Data, data, data. It seems like that’s all you ever hear about these days. Lately, the news hasn’t been particularly flattering. Yet, the fact remains that the world is just at the beginning of the data revolution and it will play a larger role in our daily lives, particularly as the fields of artificial intelligence and machine learning mature. Making sense of the deluge of data and understanding how to interpret it will influence how we see and interact with our digital world.
Sarah Steele knows a thing or two about data being that she’s a… well… a data scientist at a travel startup called Fareportal. We threw her a few questions and she graciously discussed her experiences in the industry and working with data.
SCIENTIFIC INQUIRER: For those unfamiliar, what exactly is Data Science and what does it involve? What tools do you use?
SARAH STEELE: Simply put, data science is when you closely examine a large mass of data and use it to extract relevant insights. It’s basically one big puzzle and when you figure it out, your brain does this “click” thing. It’s tedious, but very satisfying when it comes together. Luckily, there are a ton of tools to help reach this achievement. Academia uses a lot of MATLAB and legacy programs, but I like that open source communities have developed some of the most widely used algorithms. The increase in accessibility of toolkits like Anaconda with consumer and enterprise grade installation packages makes things so much easier. The data science community has really grown to create a fostering environment with easy access to documentation and support (i.e., stackexchange vs irc).
SCINQ: Can you discuss your work at Fareportal?

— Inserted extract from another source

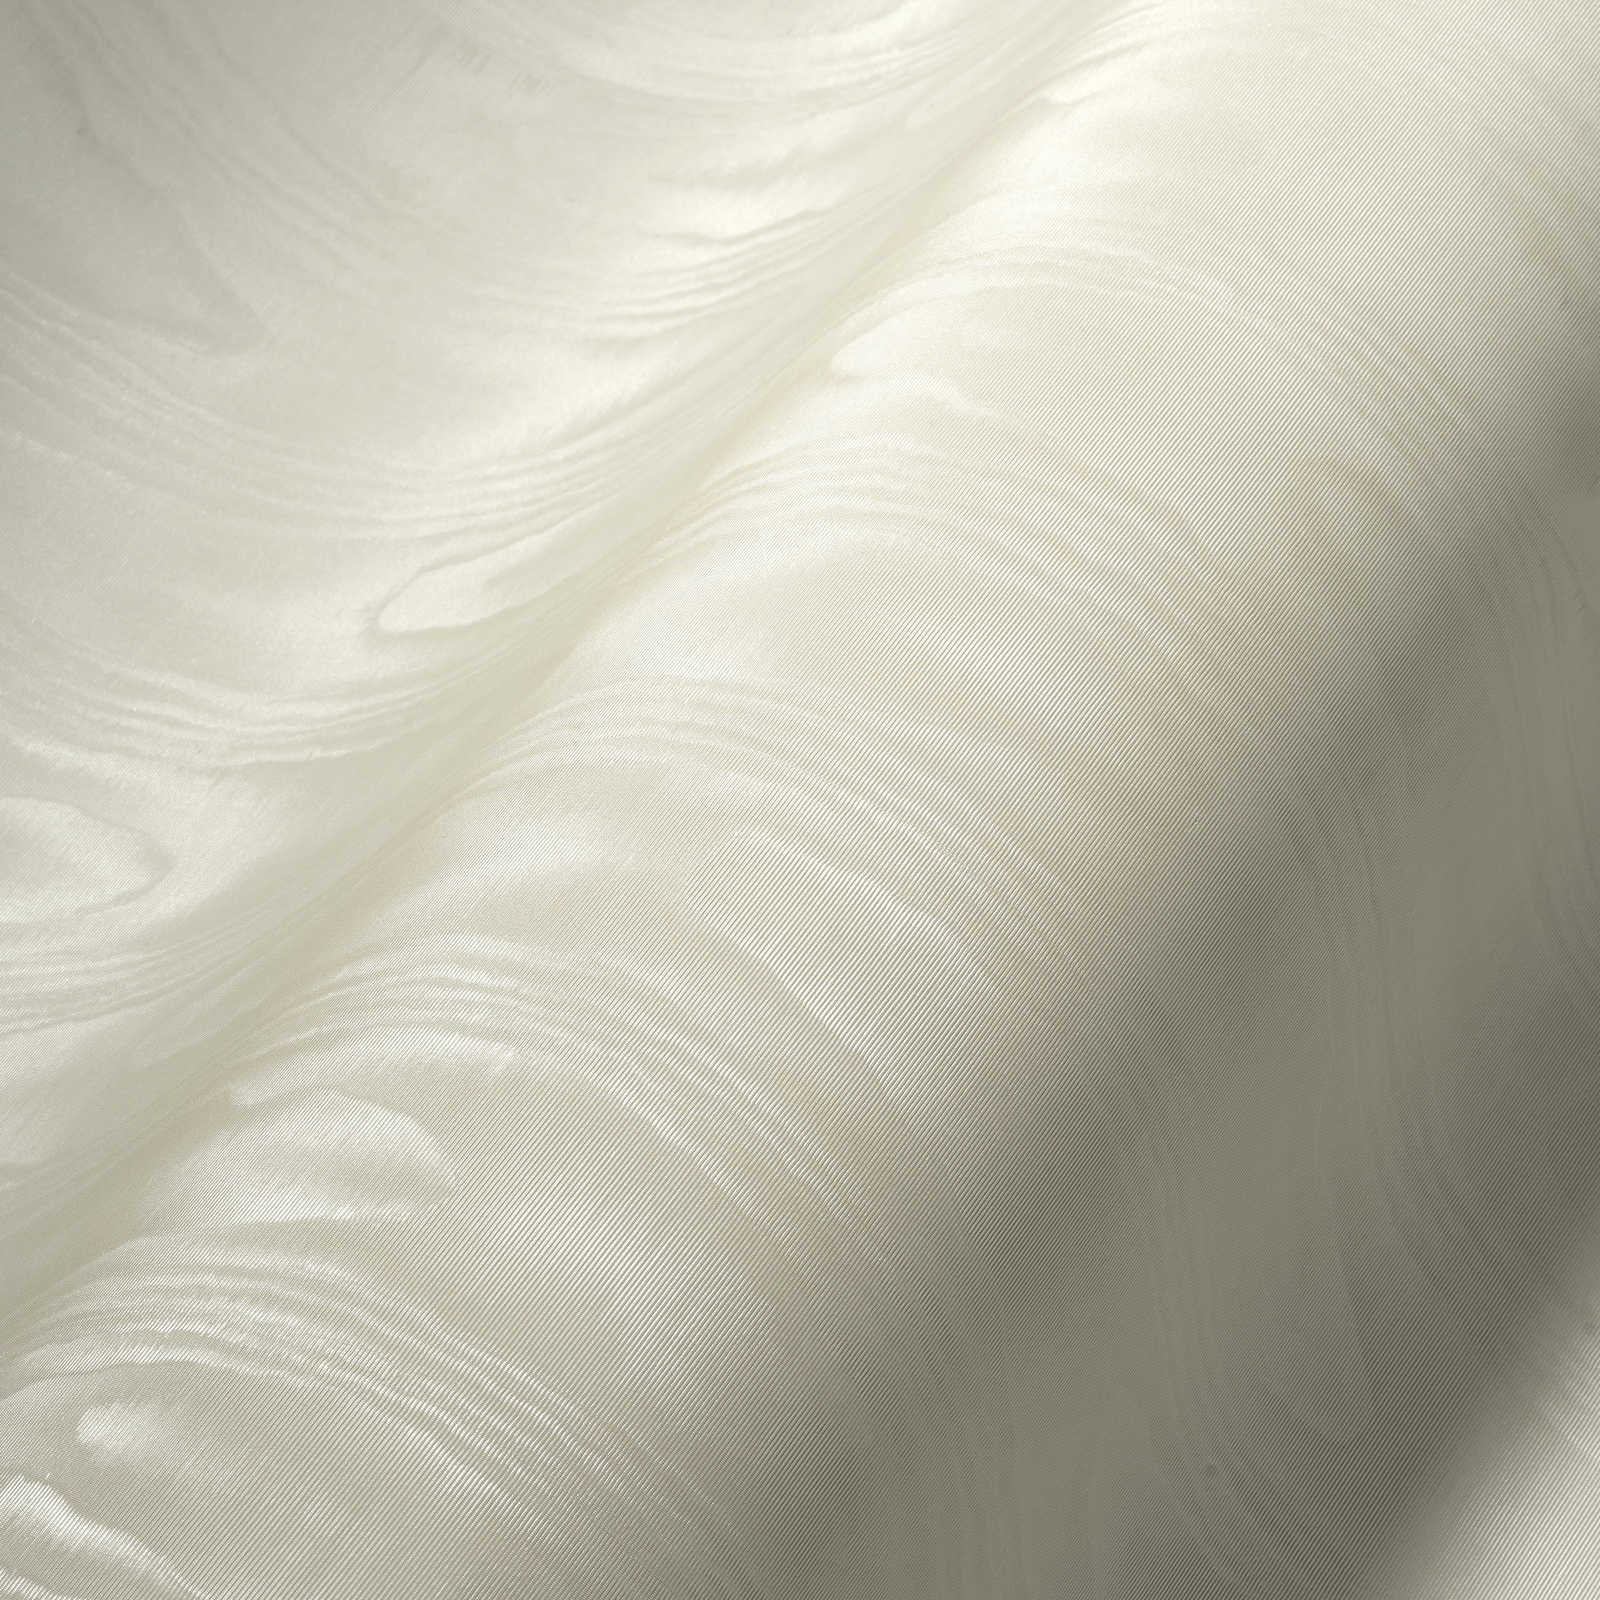             Papel pintado de aspecto textil crema con efecto moiré de seda
        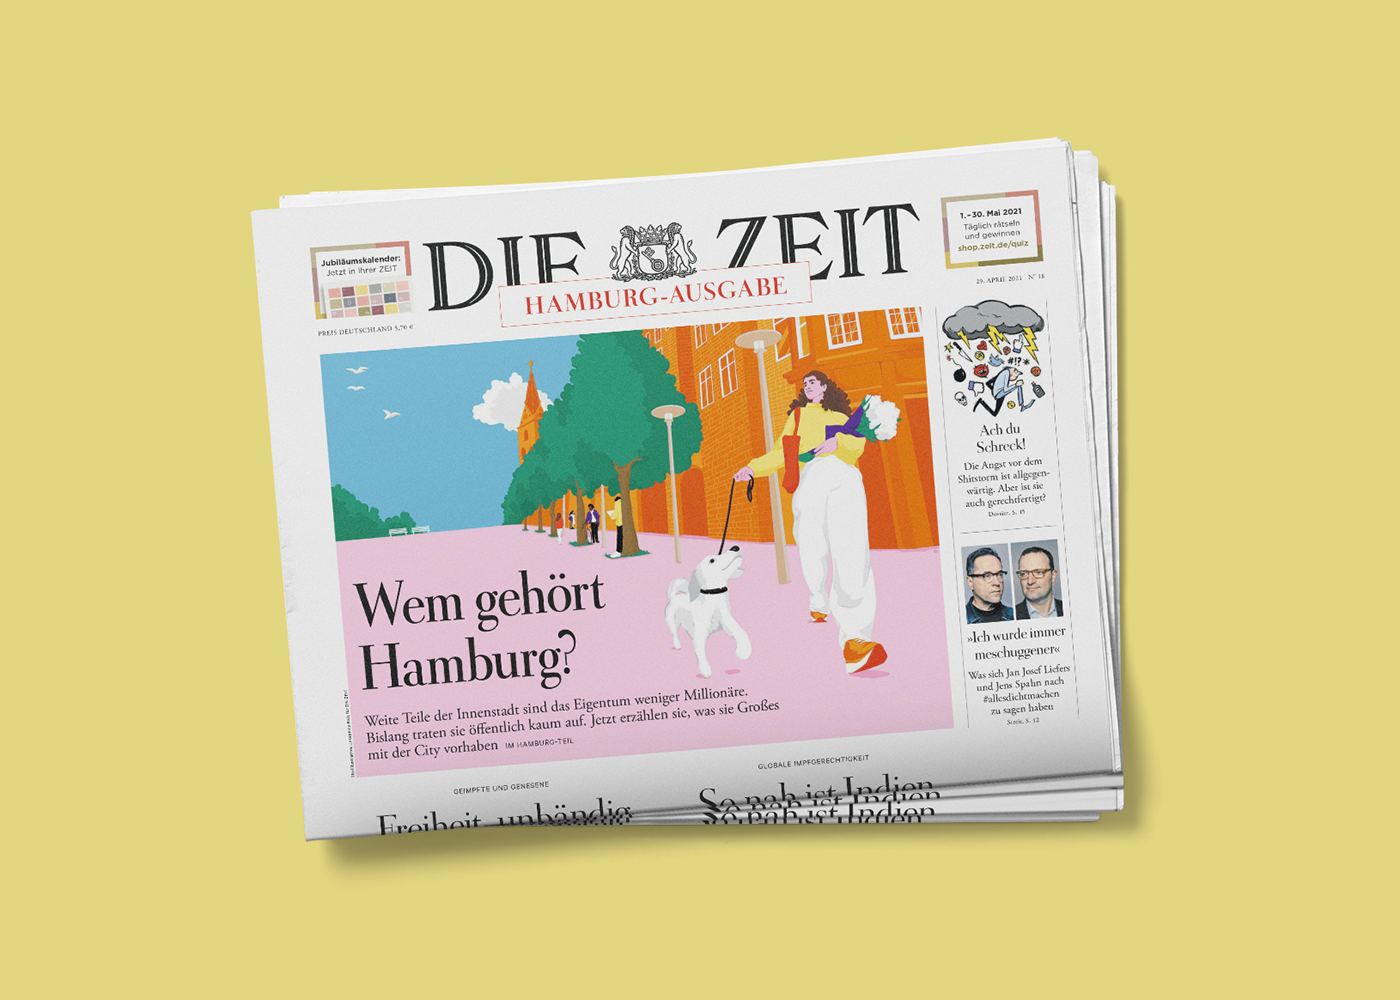 Coverillustration für das Zeitmagazin. Abgebildet ist eine Frau mit Hund in der Hamburger Innenstadt

Where does data science and travel fares intersect?
SS: I began working part time at Fareportal in August 2016 and full time in September 2016. I am developing my leadership skills and learning how to coordinate a team to fulfill a goal and I am getting more involved in the planning and management of projects. I love agile. In addition, our team is using some great technologies in the field— Apache Spark, Amazon Web Services, etc. Distributed processing to crunch tons of data quickly and make it available for consumption for business users. These programs help us to be on top of the latest trends and apply them to our business.
SCINQ: It’s often suggested that men and women differ in their approaches to certain aspects of problem solving. Does this hold true in Data Science? Do you notice differences in the workplace?
SS: The Fareportal workplace is intensely multi-cultural so there tend to be a lot of different groups and identities. I think socially constructed identities certainly influence how people perceive what they are doing and how they are going about it as well as how they perceive others. However, my research in statistics and perception has shown that people very often see patterns that are not there, and that they often miss patterns that have a huge impact on outcomes. In general, my philosophy is that for most social categories, the average difference between any two members of the same “group” is often just as large as the difference between groups, and you should never assume you know someone’s capabilities or preferences just based on their cultural identity. I personally have a good time working with both men and women, as long as they are enthusiastic and engaged.
SCINQ: Presumably, other companies have access to the similar data – airfare, hotel rates, etc. – how does Fareportal’s approach to it differentiate it from its competitors?
SS: What I have seen here at Fareportal is an incredible transformation from application-minded or transaction-minded thinking to customer-minded thinking. In order to provide the best service to our customers and have them coming back for more, we are integrating data from many different silos and creating a unified picture of the business from their perspective. Building the data architecture to support real time decisions about our core business, and understanding what the people on the other end of the screen want, has required creativity, discipline, and process-building. I have had the privilege of working with a ton of very clever and indomitable people across the business to build out sophisticated views of our business around our customers.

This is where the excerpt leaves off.